Gallaudet U students are pioneering classroom hologram tech uses

Students at the country's first university for those who are deaf or hard of hearing took the chance to use hologram boxes from Proto, which project a life-sized person.

Gallaudet President Roberta Cordano (left) and Dr. Laurene Simms. (Courtesy photo by Neha Balachandran)

In northeast DC, students are testing out the future — and it might be holographic.

Last week, pupils from Gallaudet University — the country’s oldest higher learning institution for deaf and hard-of-hearing students — participated in a three-day demo event to test how holograms might pair with America Sign Language (ASL) communication. Students initially attended a dinner without knowing the tech would be displayed until a hologram of an attendee appeared onstage. The college then hosted several workshops and demos with holograms.

“Everybody was like, ‘What is happening? Is this a movie?'” Gallaudet’s Chief Bilingual Officer Laurene Simms told Technical.ly. “And they said, ‘No, I can see you guys. I can see that this guy has a blue shirt on.'”

Instead, it was a hologram box from Proto, a California communications company. Proto developed these seven-foot-tall, four-foot-wide units to let users communicate via holograms from anywhere.

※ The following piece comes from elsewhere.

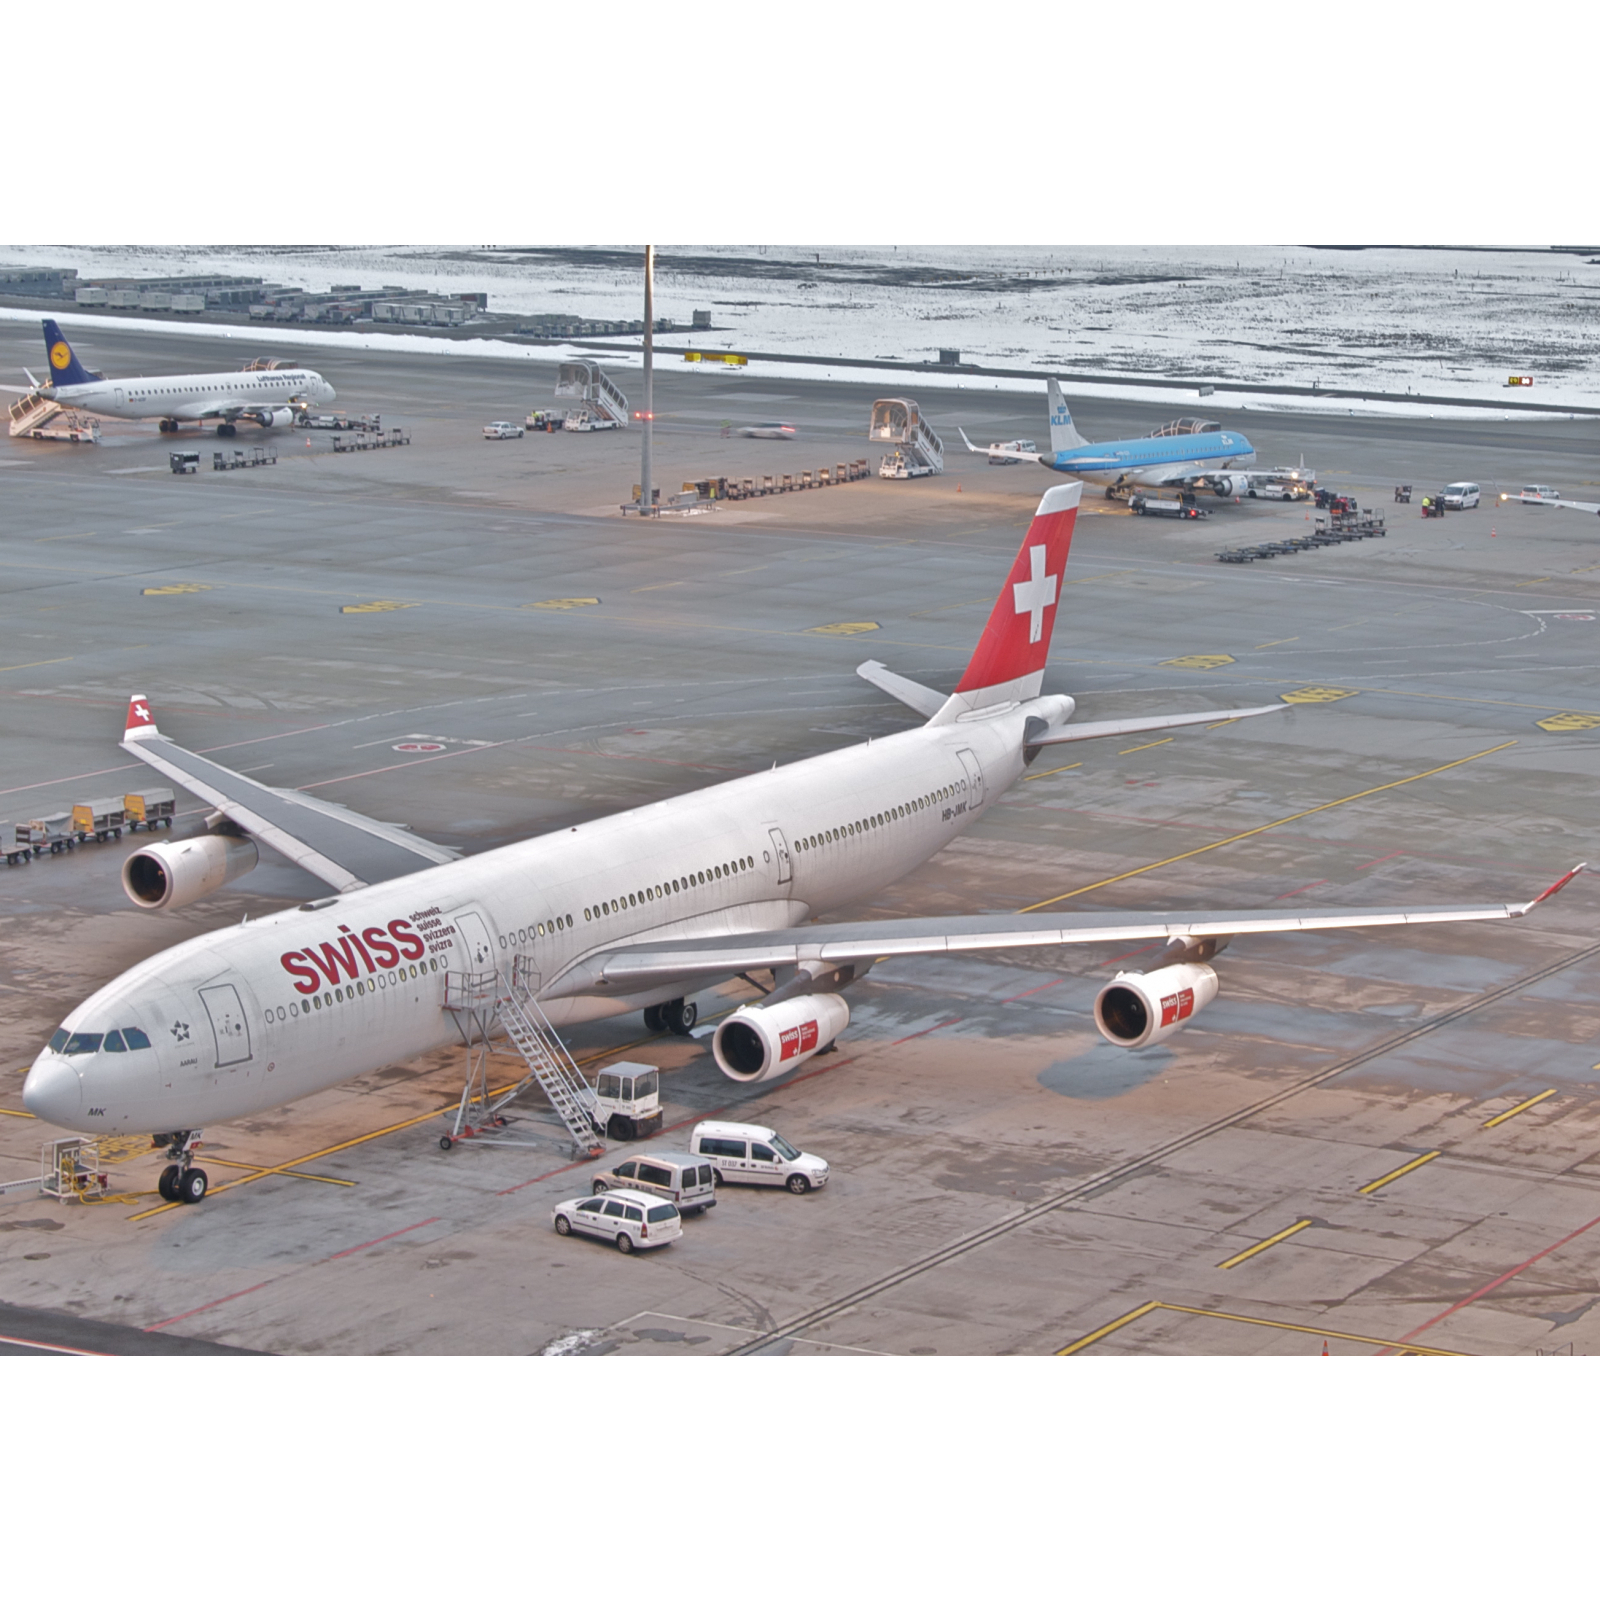 Aviationtag Swiss - Airbus A340 - HB-JMK

Units are currently displayed in malls, museums, airports and similar public places; they are otherwise typically used for marketing and advertising purposes.

Proto’s software captures a user’s real physical scale, as well as smaller nuances like shadows and reflections. On each end is a set of encoders and decoders that communicate only with each other through cloud software. Whoever is projected as a hologram into the Proto box can see the people on the other side and hear anything they say.

“The feeling of presence, the feeling of physically being there creates almost a chemical reaction within the body that allows the people who are sharing that experience to feel like they’re connected,” founder and CEO David Nussbaum told Technical.ly. “It’s not communication, it’s a true connection.”

After a few minutes, he added, people often forget that they’re talking to a screen.

Simms said holograms are better for ASL because of the 3D nature of the language, whereas Zoom is more 2D. In the same way that vocal intonations can change a message in English, facial expressions are important in ASL. Body language is also necessary to communicate fully; certain words build on other signs, which is easier to see in 3D.

“There’s just so much information within that space [that] the spatial part of it is just a huge part of the language,” Simms said.

Simms said that Gallaudet previously tried incorporating technology with ASL and its curriculum, but ran into issues with glitchiness or pixelation that made it difficult to understand ASL. The school also experimented with a GoPro-type technology that allows 3D interaction but ultimately wasn’t as cost-effective as the hologram tech.

Still, she noted some issues with the hologram tech. The signing space was a bit too small, and she’d also like to see it switch to a landscape view so that teachers could show visuals or write on a board. It’s also a mirrored view, so she’d like to see that adjusted.

Just how Gallaudet would incorporate holograms into everyday teaching and campus life is yet to be seen, since the university was just working on a trial. But Simms sees potential for online courses or lectures.

“With the hologram, there are so many possibilities as far as being able to interact,” Simms said. “You don’t have to be physically present at that place, you can be somewhere else and still have more people at different places watching and interacting with one another and going back and forth.”